Marion Jaillot, Mamishka
(Crédit photo : © Audrey Villate)
Marion Jaillot, photographe également, raconte comment elle est entrée dans ce projet : « C’est un ami qui m’a parlé de Sandra, j’ai rallié deux autres photographes : Daming et Fred Trobillant. » Les jeunes ont rempli des fiches de renseignements afin que les photographes les connaissent mieux, ils se sont rencontrés et ont pu nouer des liens entre eux. Daming, un des deux que Marion a embarqués dans l’aventure, dit combien tout s’est fait assez naturellement. Ils sont allés tous ensemble prendre des photos en extérieur, les jeunes ont pris des poses et le contact humain s’est fait. Même s’il regrette de n’avoir pas pu travailler avec les jeunes qui avaient attiré son attention au départ de l’aventure.
Du côté du Refuge
Le directeur général nous a expliqué à quel point il a approuvé le projet les yeux fermés et combien il était fier de la qualité artistique de l’exposition : « On accepte tous les projets qui sont pour une éducation populaire comme celui-ci, les jeunes s’y sont engouffrés. Le projet a plu et ça a été suivi. Ils étaient ravis, ils se sont investis et là, ils se voient admirés. Nous sommes ravis de voir autant de monde au vernissage, il y a des gens qui ne sont pas concernés par l’homosexualité qui sont là. » Le Refuge, c’est avant tout une association reconnue d’utilité publique qui accueille et loge des jeunes homosexuels exclus et rejetés, leur proposant un accompagnement sur 6 mois ou 1 an avec une aide au niveau social, psychologique, mais également une aide à la réinsertion professionnelle. « Au niveau national, on accueille 114 jeunes par an, sur Montpellier on est à 34. Il y a 3 salariés sur Montpellier, 8 au niveau national. On a 12 sites en tout et des bénévoles. »

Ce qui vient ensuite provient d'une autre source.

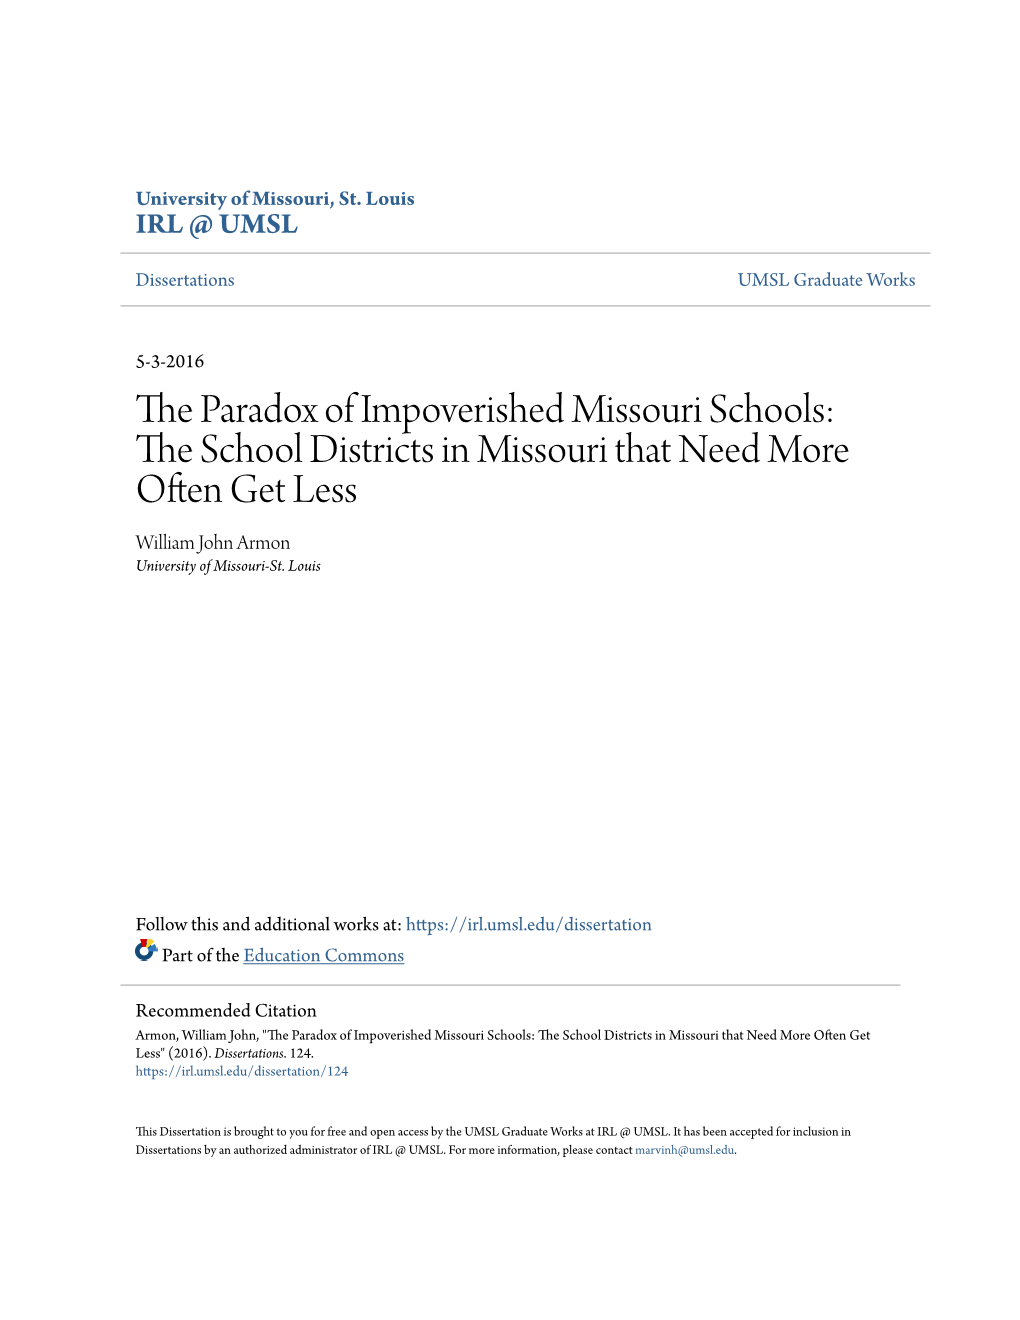 The School Districts in Missouri That Need More Often Get Less

(Crédit photo : © Audrey Villate)
Certains modèles étaient présents au vernissage, ils ont pu voir les gens regarder les photos où ils apparaissent. Julien, 19 ans, a tenu le stand de l’exposition durant toute la semaine au sein de la mairie. Il a été accueilli par le Refuge le 6 juin 2013. Ce jeune homme révèle que, grâce à ce projet, il a gagné en estime de lui : « J’aime poser, je vais essayer de devenir mannequin. » Quand on lui demande ce que ça lui fait de voir autant de monde regarder les photos sur lesquelles il est : « J’ai du mal mais je suis fier ! » Marina, 24 ans, est une ancienne du Refuge, accueillie en décembre 2012. Elle est sur le départ mais a tenu à participer au projet : « J’ai toujours une aide psychologique et je participe toujours aux actions. Là, je voulais montrer une autre facette de moi, ne pas penser aux problèmes. Je suis musicienne à la base, j’ai écrit une chanson sur le Refuge, pour les remercier. » C’est d’ailleurs elle que le public a pu entendre chanter, accompagnée au piano par Marion, avec qui un lien très fort s’est noué. Et maintenant, Marina ? « Je suis une formation en B.E.P. « Accompagnement, soins et services à la personne », j’ai toujours voulu aider les autres ! »
En bref, cette exposition est composée d’art, d’amour, de tolérance, d’échanges, d’entraide mais surtout, c’est une belle aventure humaine. À découvrir en décembre à la Maison de la Prévention et de la Santé, rue Maguelone, avec un vernissage le 12 décembre.